OceanBase Database V4.3.3 has also made significant progress in its materialized view feature. Some may ask, with columnar storage available, is there still a need for materialized views? Or rather, what are the advantages of materialized views and columnstore tables, and how do their applicable scenarios differ?

I've had the same question, and the answer lies in the storage engine: log-structured merge-tree (LSM-tree).
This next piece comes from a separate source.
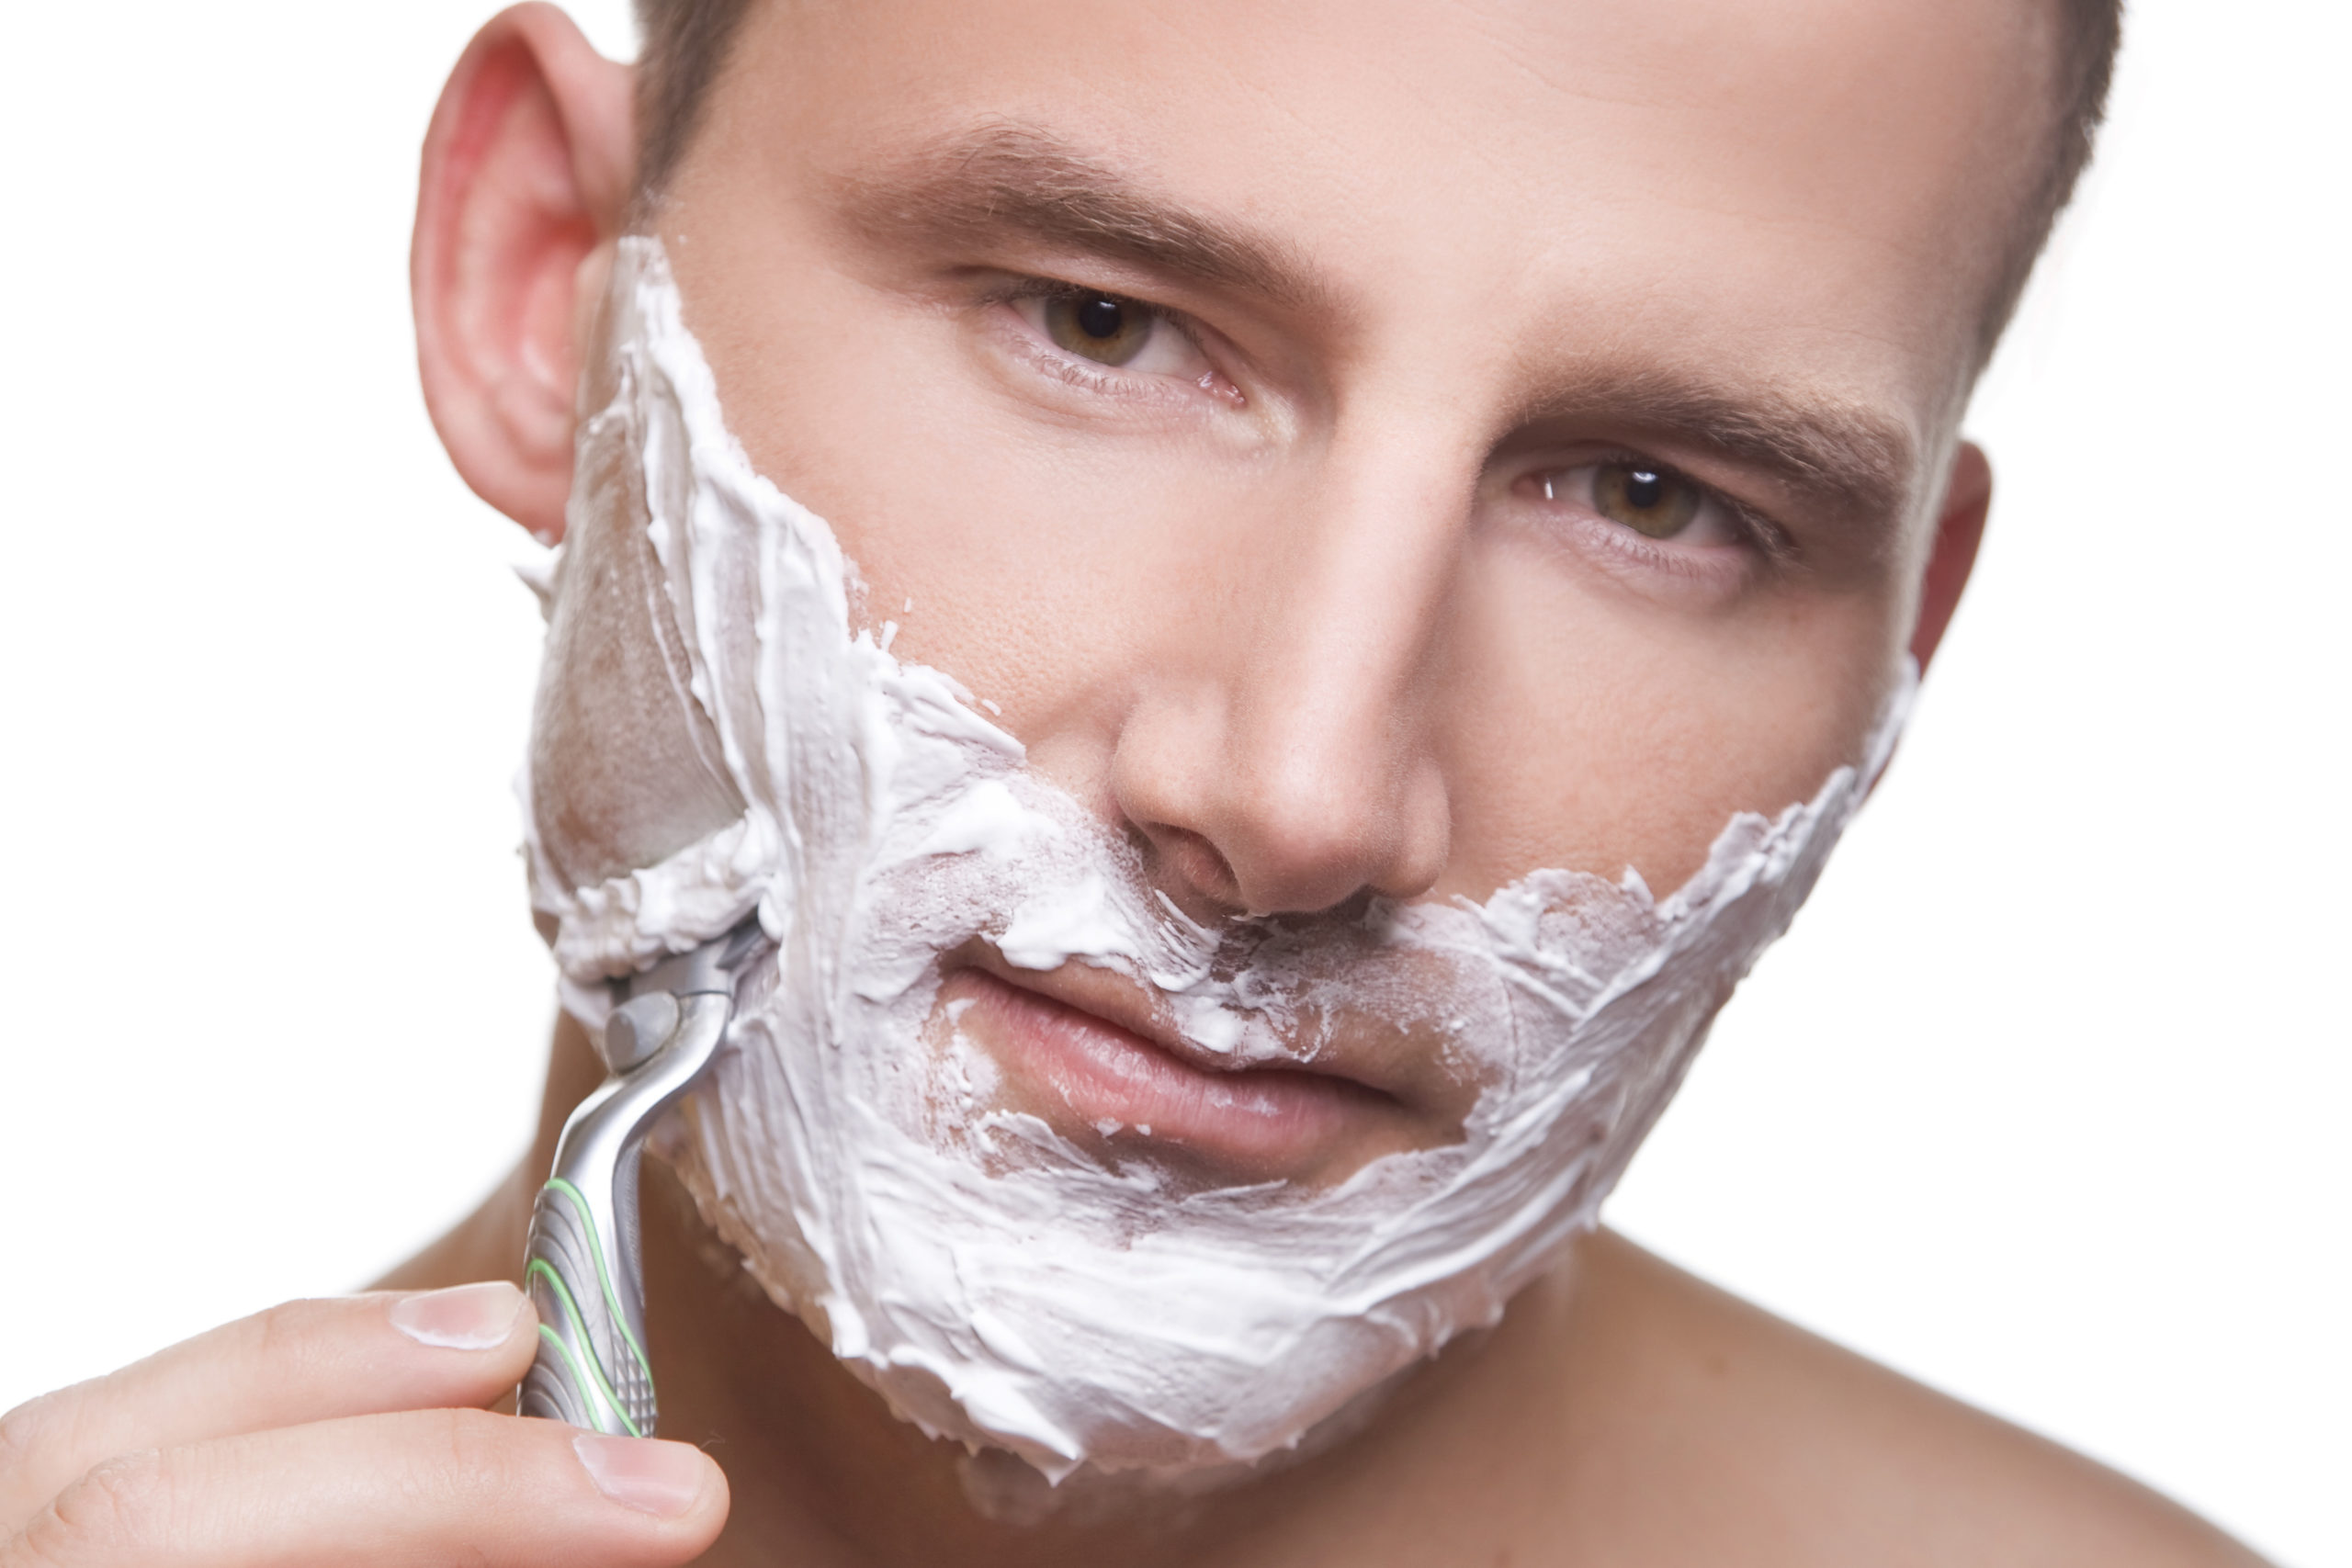 Taglia la barba

With the LSM-tree-based storage engine, columnstore tables in OceanBase Database support transactions. This enables streaming writes while ensuring atomicity, consistency, isolation, and durability (ACID), making OceanBase Database an ideal choice for serving as a real-time data warehouse. OceanBase Database also delivers high execution efficiency by supporting parallel queries and multiple replicas. Data warehouses process more reads than writes. In such scenarios, especially when data of only a few columns in wide tables is read, columnar storage provides obvious benefits.
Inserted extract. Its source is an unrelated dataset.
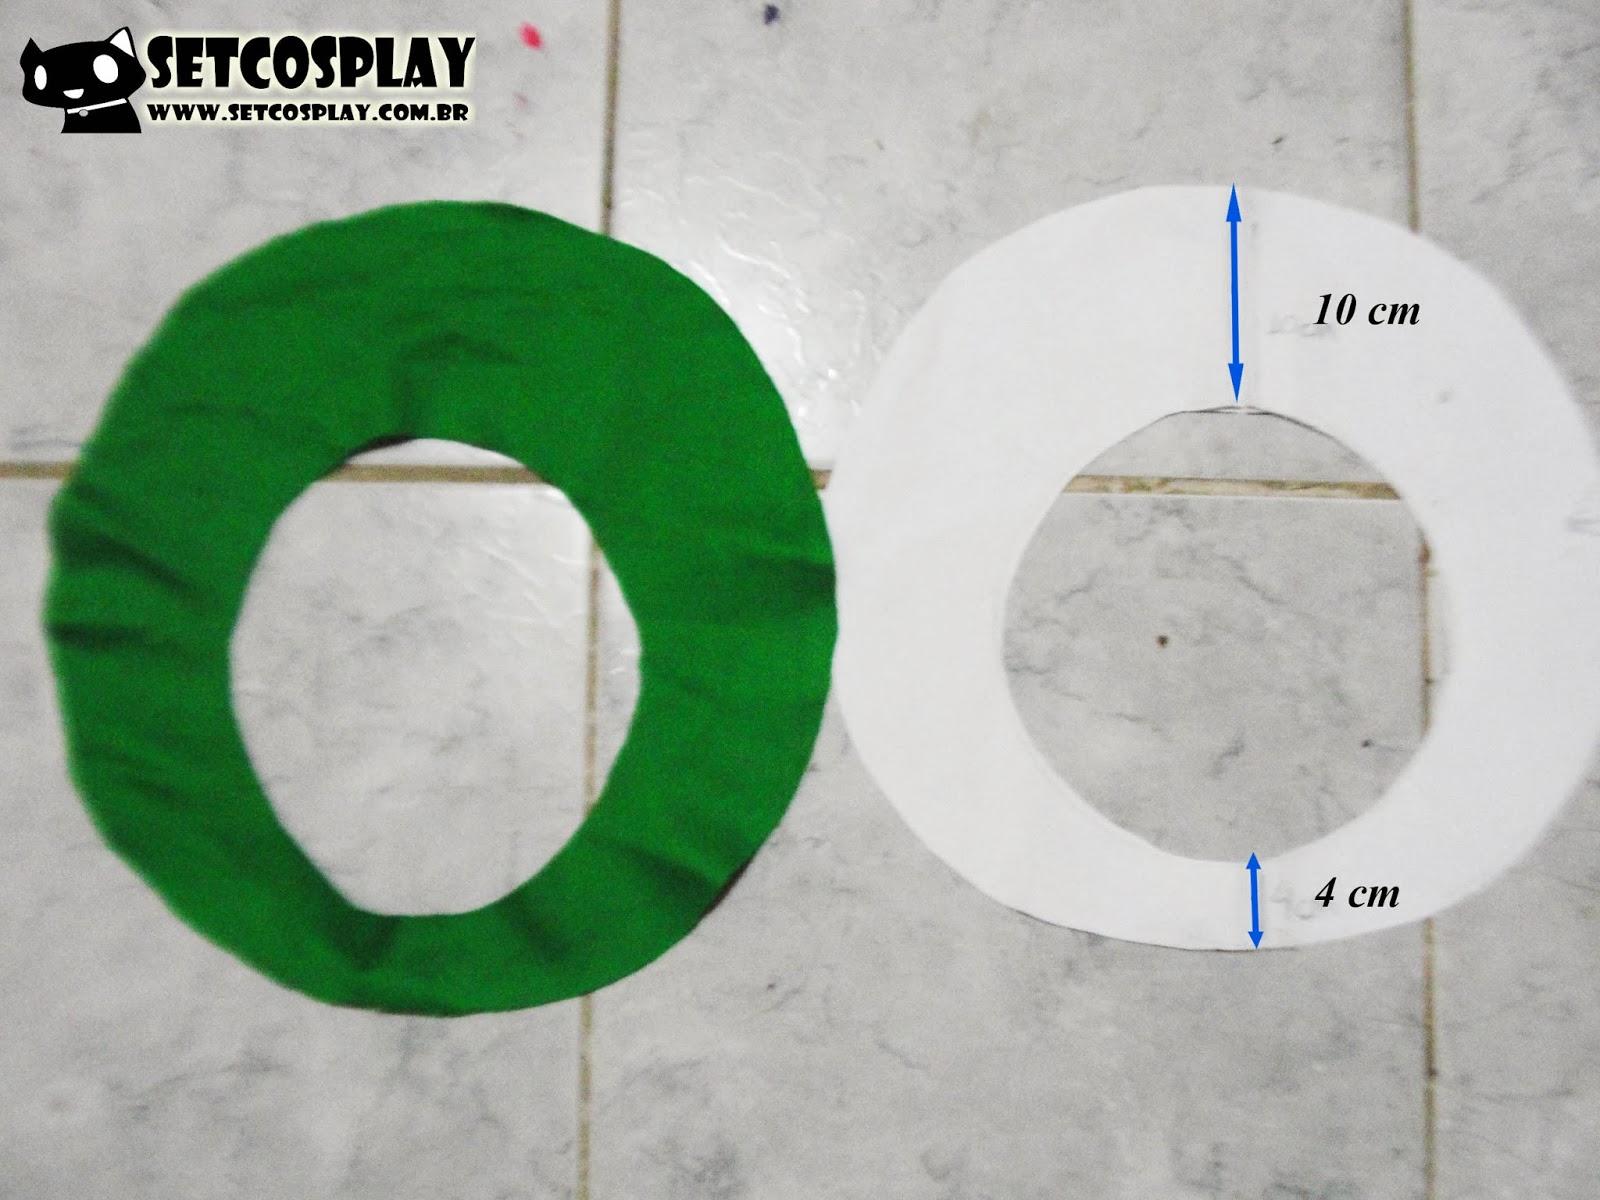 SetCosplay   TUTORIAL  Boina (Cap) do Luigi Mario + Roupa Cosplay e4c8c197fc8

Materialized views, with their refresh mechanism, are ideal for tasks such as aggregation, distribution, and multi-table joins to store the results of common queries on disks. Compared to columnar storage, materialized views, due to their periodic refresh mechanism, are more suited for batch processing. Batch processing is less time-sensitive than stream processing but requires efficient handling of large datasets. Sometimes, batch processing also involves extract, transform, load (ETL) tasks.

2 Build a Real-time Data Warehouse by Using OceanBase Database

2.1 Technical requirements for building a real-time data warehouse

As its name suggests, a real-time data warehouse differs from a conventional offline data warehouse in timeliness. In the past, data warehouses usually had a one-day delay in data timeliness (T+1). This is inflexible for metrics requiring real-time computation and immediate results. If a logic issue with the data warehouse occurs, it might not be discovered until the next day, leading to untimely adjustments and reruns of tasks. However, a company has many business metrics that need real-time computation and fast feedback to relevant departments.
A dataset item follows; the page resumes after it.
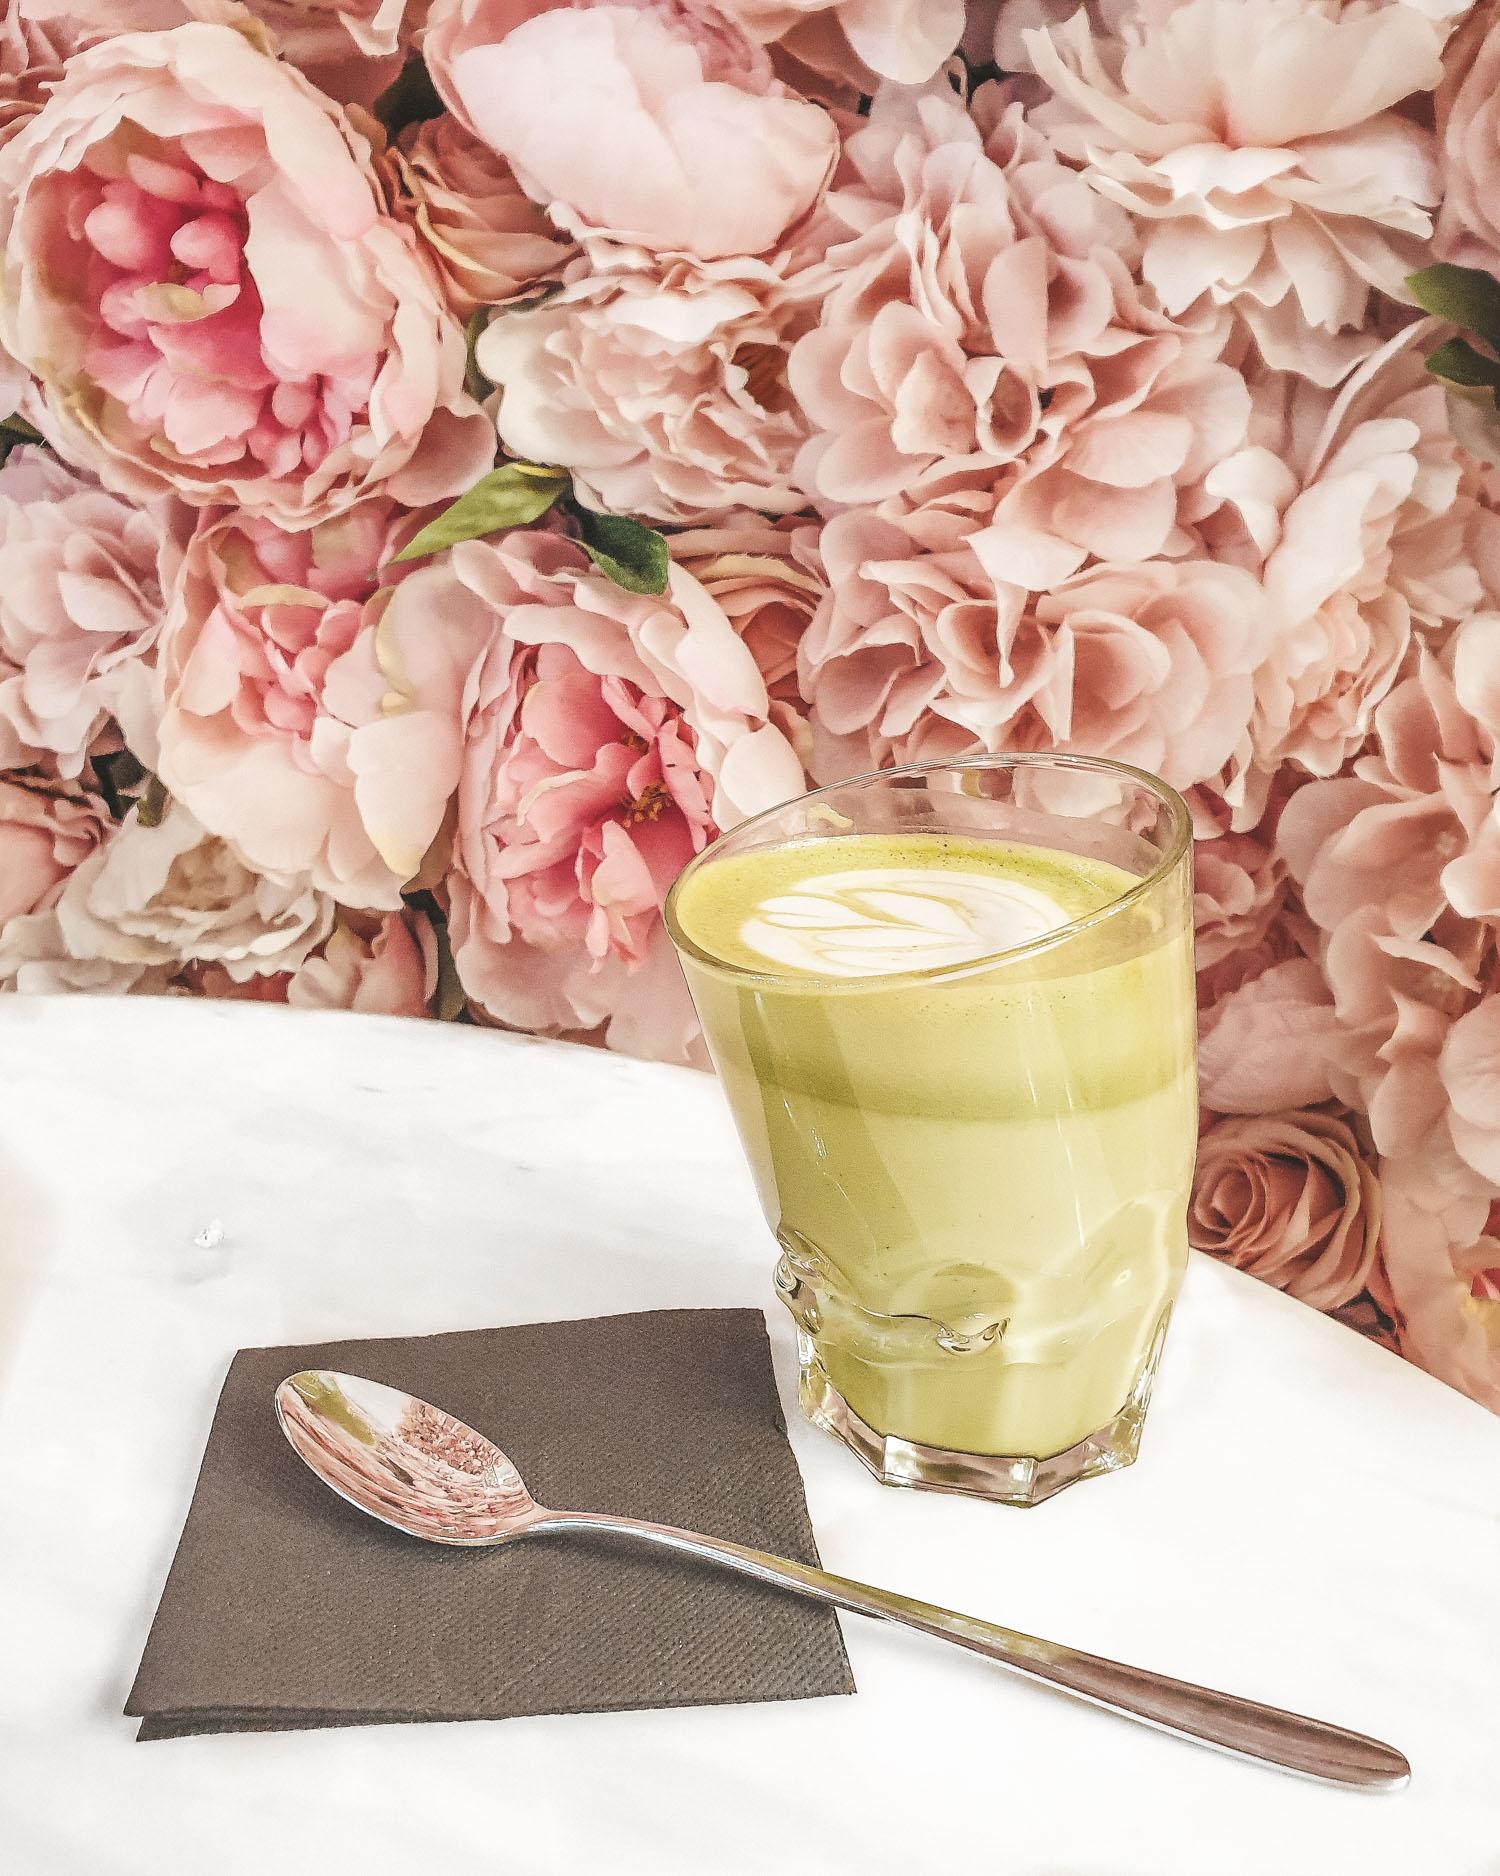 matcha latte at Secret Garden by Leto

To build a real-time data warehouse, the following technical requirements must be met:

(1) High performance: The prerequisite to timeliness is high performance. A product suitable for serving as a real-time data warehouse must have extremely low latency, typically ranging from milliseconds to seconds, to ensure timely data processing.

(2) Data integration: The upstream of a data warehouse may include databases from various production systems or even offline data files. A product suitable for serving as a real-time data warehouse must offer rich data integration interfaces to meet diverse needs.

(3) Scalability: In addition to processing data in real time, a real-time data warehouse must also support instant scaling. An offline data warehouse does not require high scalability because batch jobs are run at night. In contrast, a real-time data warehouse needs high scalability to handle resource bottlenecks and, therefore, ensure timeliness.

(4) Security: Timeliness brings higher security requirements, because real-time computation often involves crucial data. This imposes greater security and privacy demands, requiring measures such as data encryption and access control to ensure data security and reliability.

(5) Flexible querying and analysis: A real-time data warehouse is used in diverse scenarios, requiring the database to offer rich query and analysis tools that support complex query statements and data analysis models.

2.2 Capabilities of OceanBase Database

Timeliness: OceanBase Database V4.3 supports real-time (T+0) writes, allowing data to be imported quickly for real-time analysis.

(1) High performance: As mentioned earlier, the columnstore and vectorized engines in OceanBase Database V4.3 significantly boost query performance, especially in wide table scenarios. In my test, OceanBase Database V4.3 is comparable with mainstream columnstore databases in the industry in wide table queries, enabling real-time analysis in seconds. Despite additional overheads incurred by support for transactions, OceanBase Database delivers sufficient performance in columnar storage.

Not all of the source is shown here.